I love eating like that Kades, it's just so relaxing to be able to sit around with friends and just nibble... Cheese is one of the foods that I could eat everyday I just the the different flavors and textures, and they pair wonderfully with fruit... Hmmmm it's 5:30 a.m. and now I want cheese...


----------



## Claire (May 31, 2010)

Kadesma, I have a group of friends who are not sweets lovers and do this for desert on occasion.  Or we'll just do it for the two of us for a brunch on a special occasion.  Sometimes we add port (if it is desert) or champagne (if it is brunch).  Walnut halves go well with this, as does some sweet balsamic vinegar for dipping an edge of the cheese or fruit.  Having a huge cheese tray for dinner at the Casa Carioca in Germany is one of my favorite childhood memories.


----------



## licia (May 31, 2010)

CJ, it sounds great and delicious. My cheese trays are sadly lacking compared to yours. I'd have to make a run for the grocer to obtain all of that.


----------



## lyndalou (May 31, 2010)

Kades, You rock! Some really good ideas there. I am having my kitchen done, and will use this idea when I have friends over to celebrate the end of a long reno.

Lyndalou


----------



## kadesma (May 31, 2010)

AmandaES said:


> What a treat for your friends...sounds delicious! Can't wait to a nice icy cold beer again!

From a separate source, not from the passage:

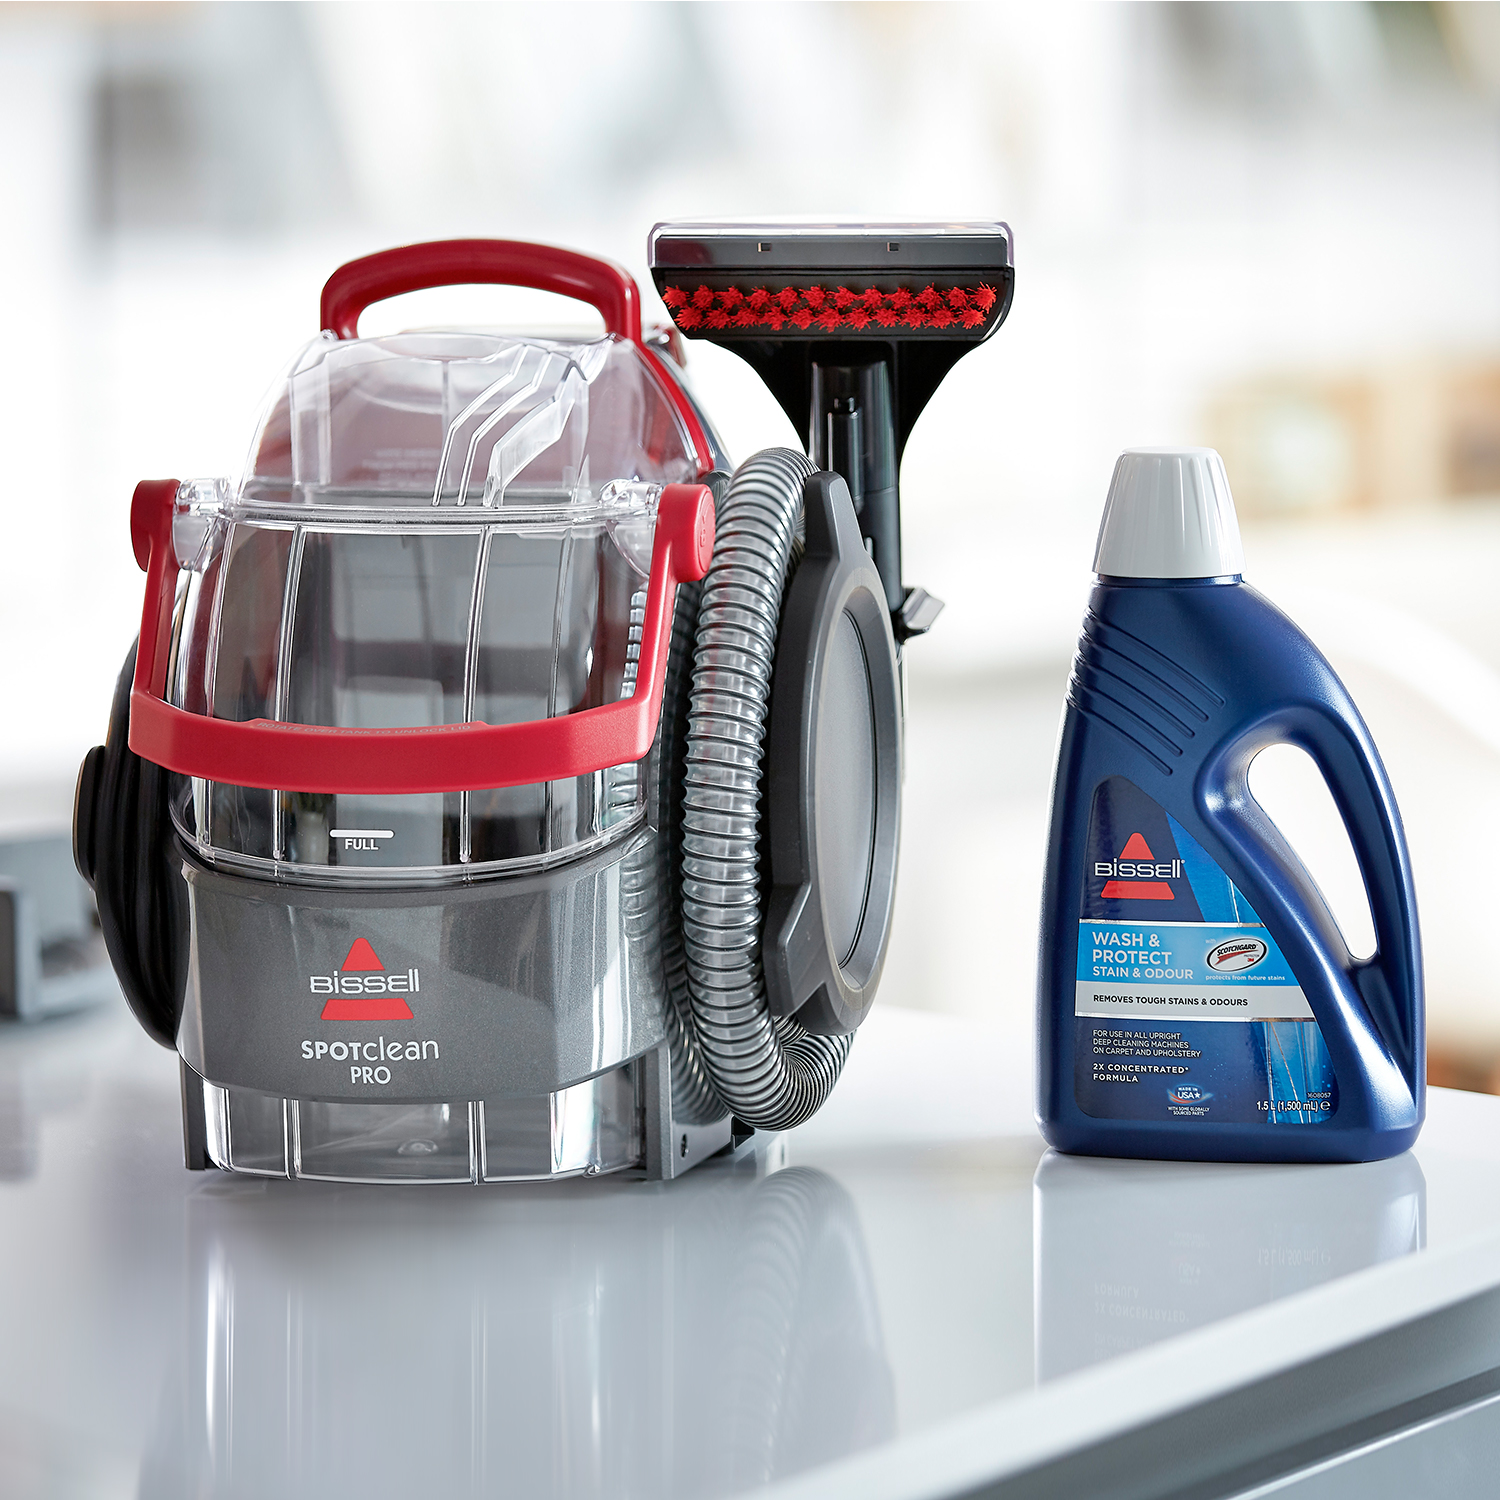 Bissell SpotClean Pro Portable Carpet Cleaner

It was so good. And the beer was wonderful instead of wine. Nice change.
kades


----------



## kadesma (May 31, 2010)

Mimizkitchen said:


> I love eating like that Kades, it's just so relaxing to be able to sit around with friends and just nibble... Cheese is one of the foods that I could eat everyday I just the the different flavors and textures, and they pair wonderfully with fruit... Hmmmm it's 5:30 a.m. and now I want cheese...


Me too Mimi. I love cooking, but I'm more of a snacker,so this was so nice. I love fruit and nuts and we also tried chutney, I'm surprised I'm still standing
kades


----------



## kadesma (May 31, 2010)

Claire said:


> Kadesma, I have a group of friends who are not sweets lovers and do this for desert on occasion.  Or we'll just do it for the two of us for a brunch on a special occasion.  Sometimes we add port (if it is desert) or champagne (if it is brunch).  Walnut halves go well with this, as does some sweet balsamic vinegar for dipping an edge of the cheese or fruit.  Having a huge cheese tray for dinner at the Casa Carioca in Germany is one of my favorite childhood memories.


Claire, I think I prefer cheese over meat. But because of the kidney failure I have to not have  cheese oftten, so yesterday I ate  a lot of it. Of course It meant taking quite a few pills to balance it out. It was worth it though I didn't think of port, I imagine that is wonderful with it. I was surprised that beer worked so well.It just blended together nicely.  We had some of the almonds from Spain.They are wonderful If we do this again I'll add some walnuts to it.
kadesma


----------



## kadesma (May 31, 2010)

licia said:


> CJ, it sounds great and delicious. My cheese trays are sadly lacking compared to yours. I'd have to make a run for the grocer to obtain all of that.


Hi licia,
I did make a run to the grocer. It was worth it. We have a grocer that carries all types of cheese. The fellow who runs it is one of the owners and really know his stuff. It's a joy to talk to him.He has used several of my ideas there on Saturday. Makes me feel so good
cj


----------



## kadesma (May 31, 2010)

lyndalou said:


> Kades, You rock! Some really good ideas there. I am having my kitchen done, and will use this idea when I have friends over to celebrate the end of a long reno.
> 
> Lyndalou


Thank you Lyndalou,
It's fun to share recipe ideas. Hope your kitchen turns out beautiful. We did ours last year and it is so nice. I love it.
kades


----------



## bigdaddy3k (May 31, 2010)

Man I love cheese. I have a refrigerator full of it that I have been avoiding due to diet things.


----------



## babetoo (May 31, 2010)

bigdaddy3k said:


> Man I love cheese. I have a refrigerator full of it that I have been avoiding due to diet things.


 
with tears in my eyes, i gave my son all my cheese, except a bit of shredded mozz. they all contain more salt than i can have. i love cheese, this is a hard one to give up.


----------



## kadesma (May 31, 2010)

babetoo said:


> with tears in my eyes, i gave my son all my cheese, except a bit of shredded mozz. they all contain more salt than i can have. i love cheese, this is a hard one to give up.


It sure is, I can only have once in a while and it's hard to give up. I know how you feel.
kades


----------



## kadesma (May 31, 2010)

bigdaddy3k said:


> Man I love cheese. I have a refrigerator full of it that I have been avoiding due to diet things.


I understand, it makes me sad that I can't indulge like I use to.
nutz
kades


----------